Look at Cody with these clones

Gratuitous torso shots

This dude is the worst

Thankfully Emotionally Unavailable James Dean comes to the rescue

Huh???!!!! How much does weed cost in LA?!

Another quintessential empty LA moment

Ariel Pink’s Liz says stop eating like that. Gross.

And now we enter this club scene, which, even more than the gym, feels like a descent into hell with jagged camera movements and dizzying glimpses of random scenes

Same.

Then, Cody finds a glory hole. And what is on the other side?

Drag Liz Taylor! She appears to be in a snow flurry-filled abyss of some kind. Is this heaven? Or just the void? Whatever it is–I’m in.

Look at that face…and those DIAMONDS!

*claps wildly*

And then, suddenly, the scene shifts and Cody is Liza. I scream every time it happens.

Even her nail polish is blue

For all my theorizing, the fact remains that Cody makes a magnificent Liza drag queen so if the music thing stops working out, I know an easy alternate career for him. Do “Losing My Mind”!
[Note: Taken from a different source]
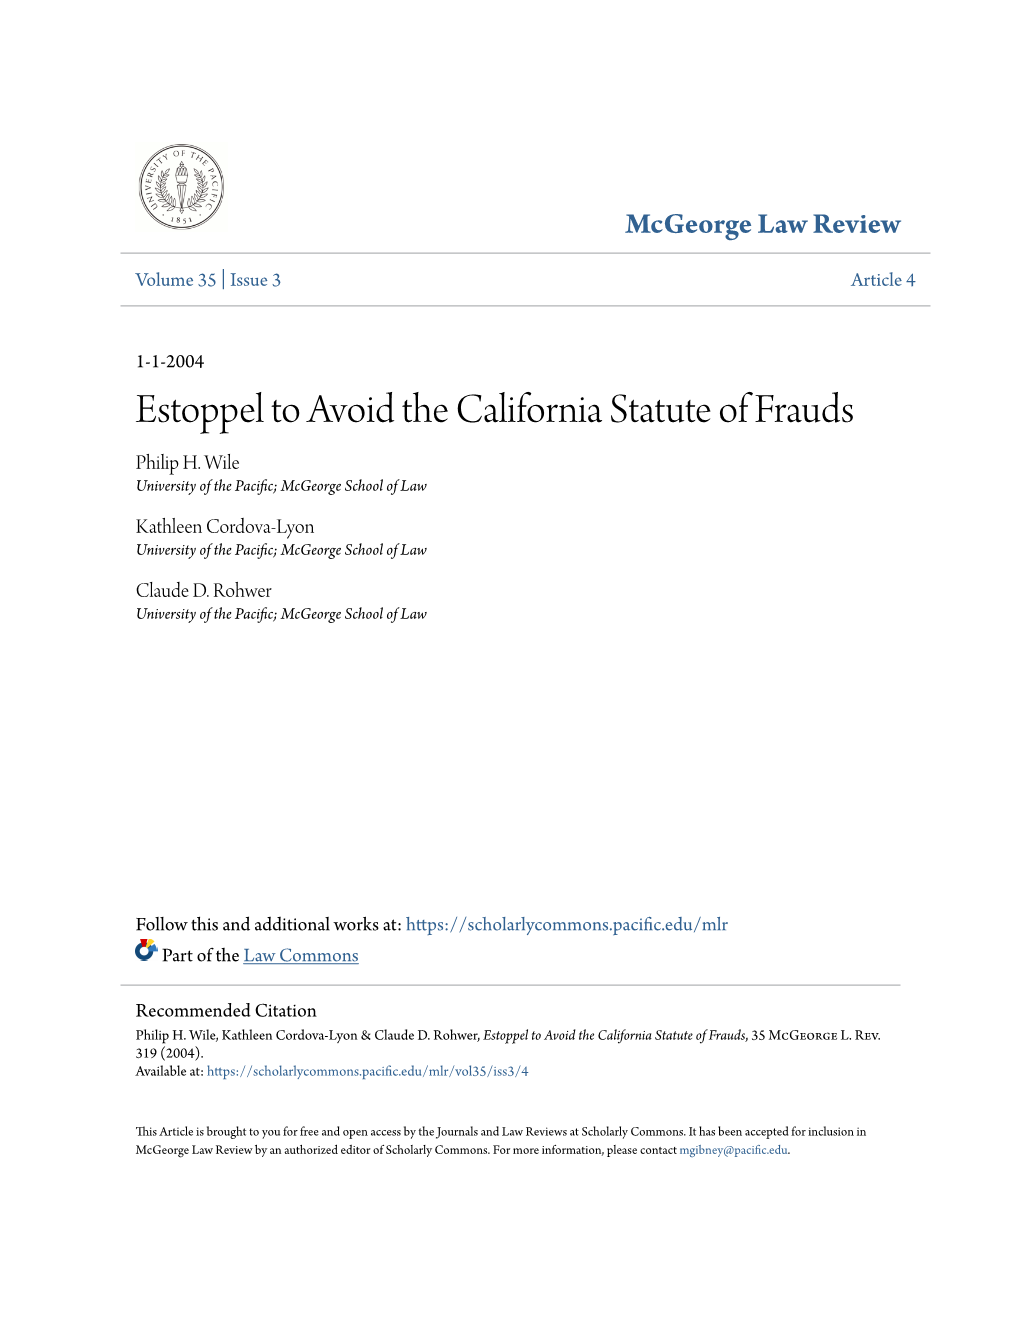 Estoppel to Avoid the California Statute of Frauds Philip H

Toxic Masculinity Man is not happy with this descent into drag

And then Ariel and Cody duet at Liz and Liza. It’s a match made in those blue skies

Two divas having a ball

Where am I?

Of course, Toxic Masculinity man can’t stand this femme fun and has to ruin everything with a grand show of patriarchal force. Live a little, dude! Get over it.

No!

And then we’re back to the blue screen of death–perhaps the final surrender to the blue. I don’t know about you, Filthy Dreams readers, but I’m in the mood for a green juice and a drag show.